40 years of international collaboration on science, technology and innovation

40 years of international collaboration on science, technology and innovation


Geosciences Australia and the Japan Company for Marine-Earth Science and Know-How (JAMSTEC) are collaborating on analysis to better understand the geology of the central Lord Howe Rise.

Did you know that Questacon’s development was partially funded by Japan? The establishment of Australia’s nationwide Science and Knowledge Center is recognized as one of the many achievements we rejoice as we complete 40 years of the Australia-Japan Science and Knowledge Treaty.

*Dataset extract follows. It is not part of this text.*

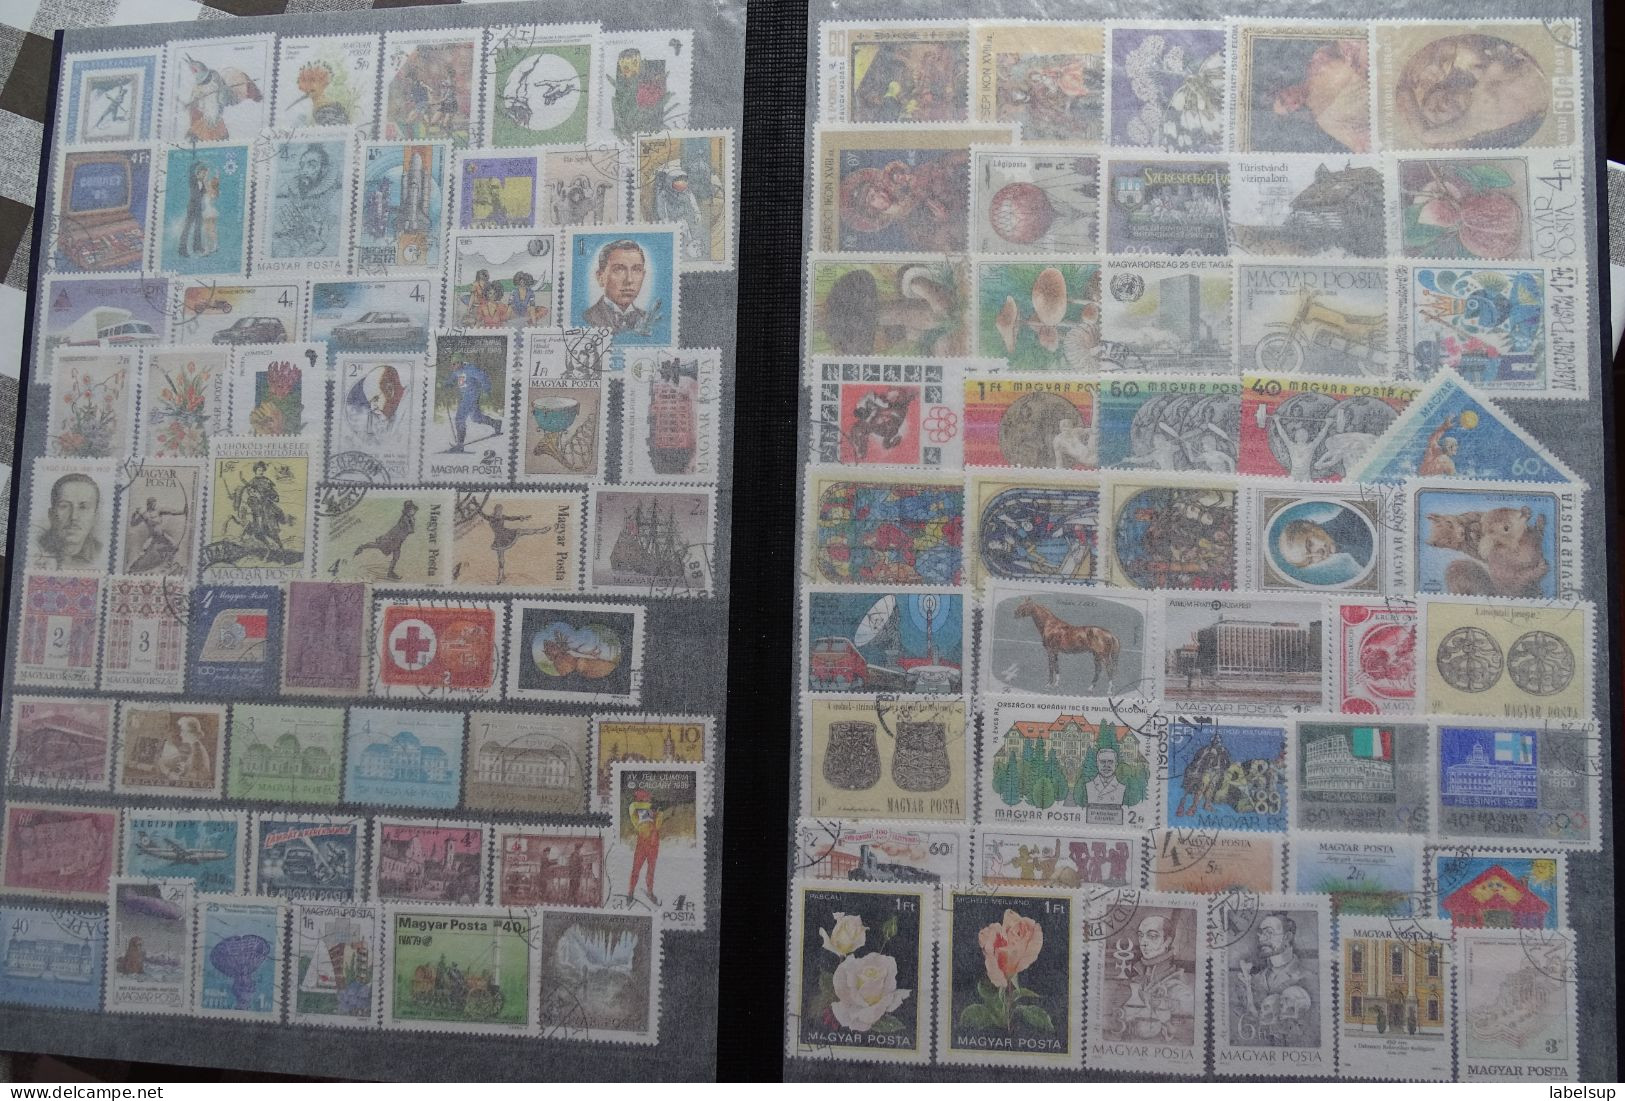 album de timbres de Hongrie, à voir les photos

Cooperation between Australia and Japan has a long historical past. Australia is Japan’s 7th largest partner in scientific co-publishing. Our complementary R&D capabilities and shared knowledge preferences make us a pure partner in science, knowledge and innovation.

Signed in 1980, the treaty has promoted cooperation between our 2 international locations by connecting researchers and establishments. This has facilitated the sharing of scientific data. It has offered a discussion board for our department and our Japanese counterpart to share coverage approaches to the growing STEM-skilled workforce.

Worldwide collaboration is an important aspect of Australia’s science efficiency and is vital to enhancing Australia’s financial system. It helps to alternate the data, broaden the perspective in solving the challenges and generate new concepts for long term. Through most of these partnerships, Australian researchers and investigators can engage with colleagues around the world to address current and growing international issues.